Got a quick question for all you seasoned carpet racers. Our local track has just pit down new ozite, maybe 2-3 weeks ago. The bite is starting to come up, but so is the fuzz. Running 1/12th scale, we can run the cars without compound, & they hook up well for the first half of the race or so, then traction disappears. Upon returning to the pits, you find your tires really gummy & dirty. When you start to clean them, alot of fuzz comes off, & the goo washes away.

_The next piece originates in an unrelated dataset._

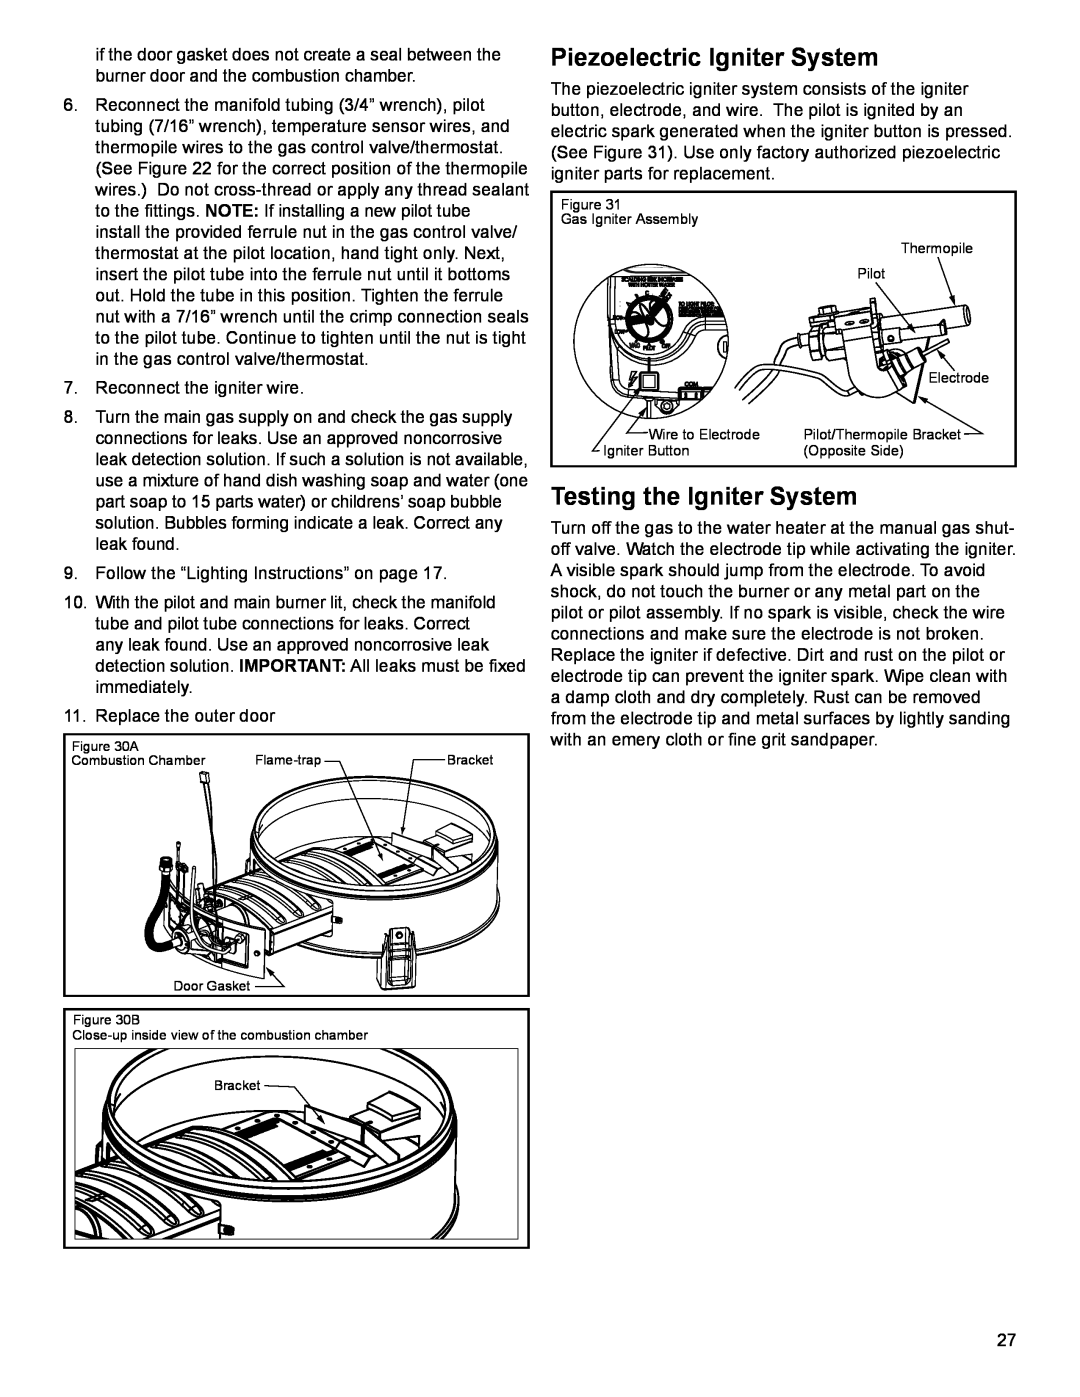 American Water Heater 318935-003 installation instructions Piezoelectric Igniter System, Testing the Igniter System 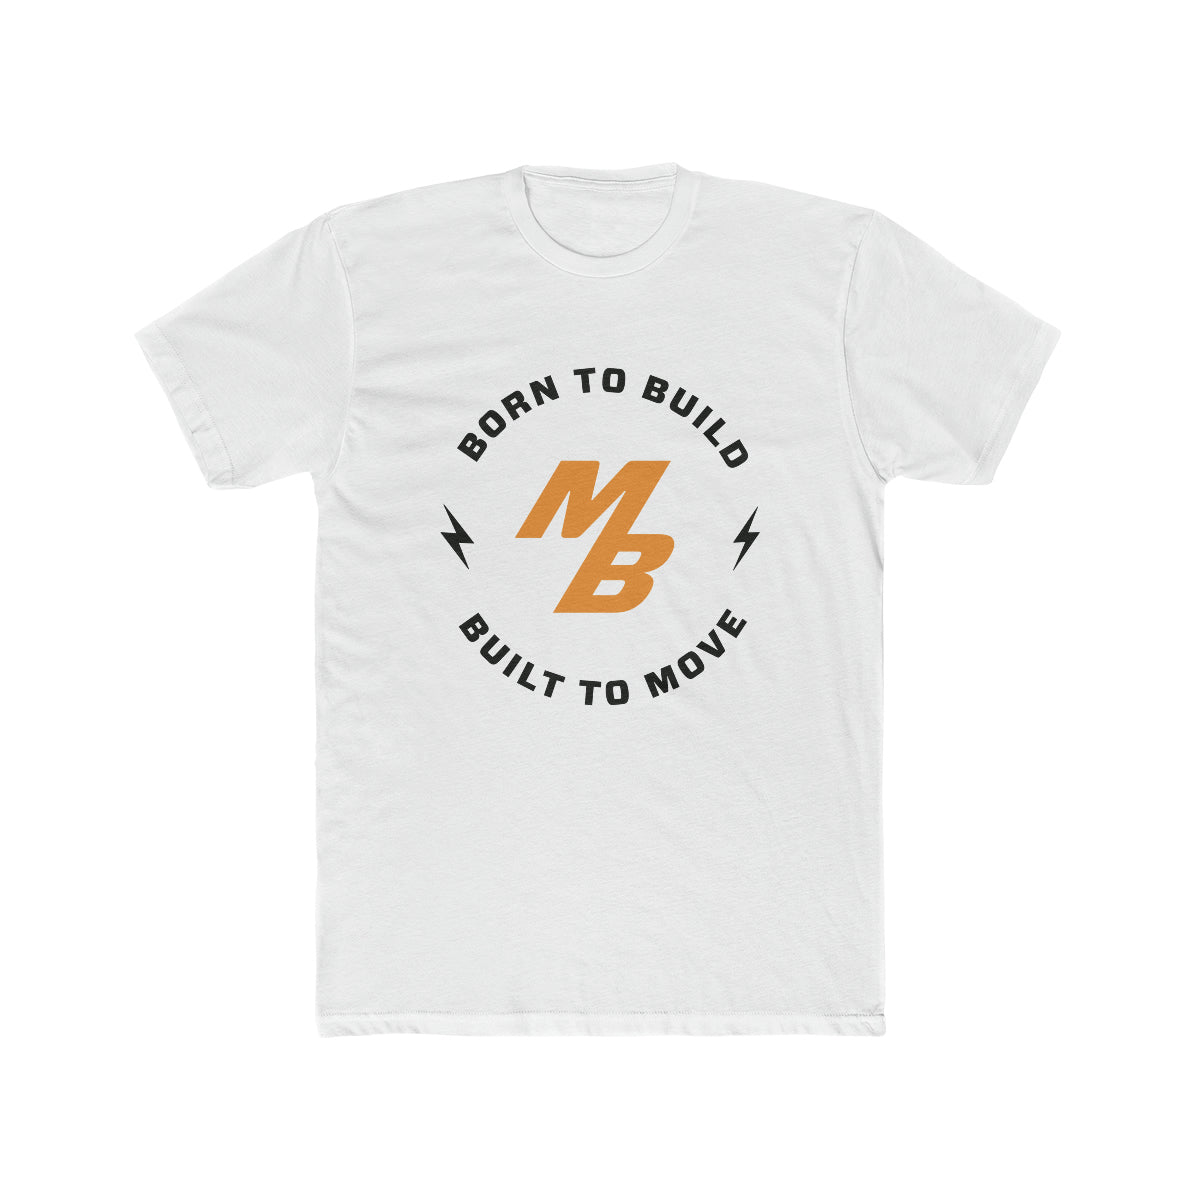 Born to Build Move Bumpers T-shirt- White

Anyone experienced this before ?? Find a way to counteract it ??

Thanks for any input !


----------



## BPSHADOW (May 5, 2003)

:wave: :thumbsup: That will go away with run time, RC Screwz had the same problem last year when the carpet was new but it subsided after a few weeks. Also if there are any people running compound, the TQ products dont evaporate, that is probably what is gumming up the tires( marbles+ unevaporated sauce= gummy tires)


----------



## Xpressman (Dec 6, 2001)

tharv said:


> Got a quick question for all you seasoned carpet racers. Our local track has just pit down new ozite, maybe 2-3 weeks ago. The bite is starting to come up, but so is the fuzz. Running 1/12th scale, we can run the cars without compound, & they hook up well for the first half of the race or so, then traction disappears. Upon returning to the pits, you find your tires really gummy & dirty. When you start to clean them, alot of fuzz comes off, & the goo washes away.
> 
> Anyone experienced this before ?? Find a way to counteract it ??
> 
> Thanks for any input !


Does anyone run any type of traction compound? Also what type of carpet is it? Is it CRC Fastrak or the Dupont Oflen stuff or other? T

he fuzz coming up is normal and will go away. It depends on how many racers there are and how often it is used as to how long it will take. Usually the tires coming off gummy is caused by, as BPSHADOW said, the useage of TQ products or when lots of people are using Paragon. But with Paragon it usually only happens at a big race that it starts to gum up. The gumminess can also be enhanced if the building is on the warm side.

As for taking the gumminess off of your tires you can soak the tires in lighter fluid and let them dry or spray a cloth with motor spray and wipe the tires. Do NOT spray the tires with motor spray as it will dry them out too much. Some just don't do anything as it is taken care of the next time you put on and wipe off traction compound.


----------



## tharv (Nov 16, 2004)

Went & ran some practice tonight & the fuzz is starting to subside a little. So I guess we just deal with it for now. Pretty much every one is running Paragon Traction Action, as the rules mandate an "oderless" compound. 
Thanks for the insight,
Tom


----------